§ **Data for this exercise**
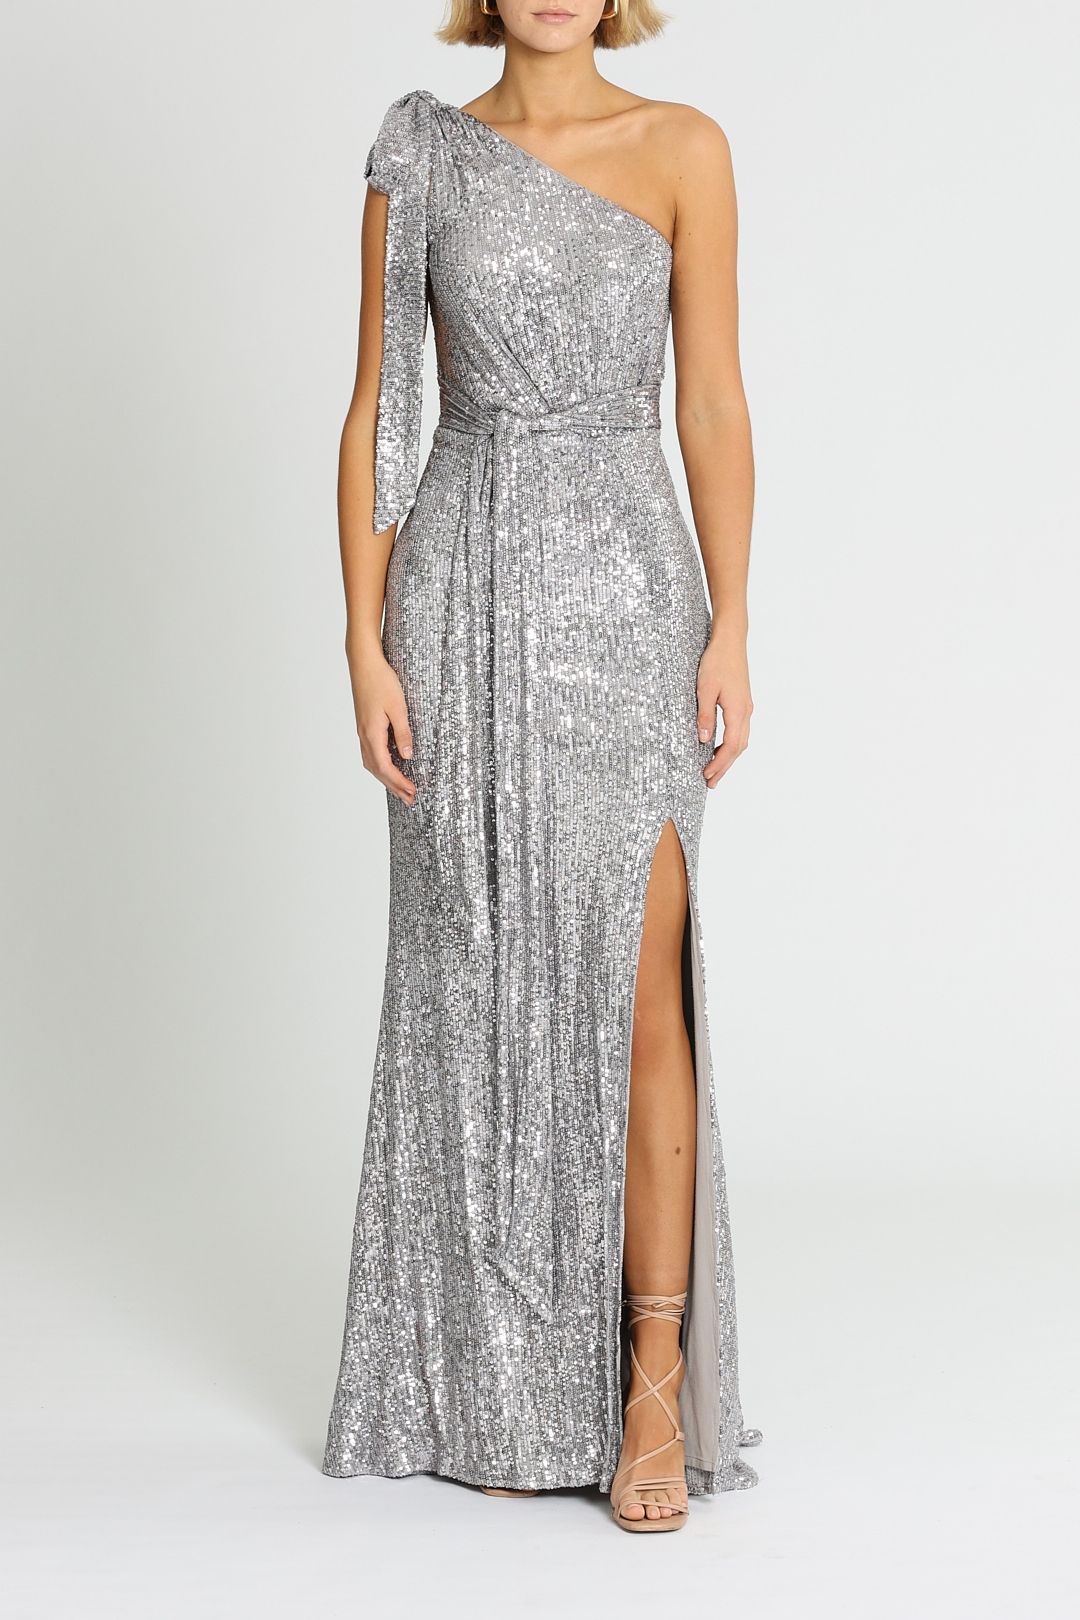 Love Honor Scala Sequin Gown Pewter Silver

==

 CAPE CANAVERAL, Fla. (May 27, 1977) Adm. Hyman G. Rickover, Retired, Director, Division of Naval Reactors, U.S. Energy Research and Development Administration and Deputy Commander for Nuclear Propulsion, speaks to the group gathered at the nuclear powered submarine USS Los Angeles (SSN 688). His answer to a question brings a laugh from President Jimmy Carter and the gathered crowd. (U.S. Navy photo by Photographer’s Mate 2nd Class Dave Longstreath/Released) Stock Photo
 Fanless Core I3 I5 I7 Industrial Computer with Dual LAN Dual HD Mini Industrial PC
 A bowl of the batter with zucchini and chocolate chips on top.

§ **Problem details**
If a line in the entries contains the word "with", copy that line out.

§ **Finished exercise**
 Fanless Core I3 I5 I7 Industrial Computer with Dual LAN Dual HD Mini Industrial PC
 A bowl of the batter with zucchini and chocolate chips on top.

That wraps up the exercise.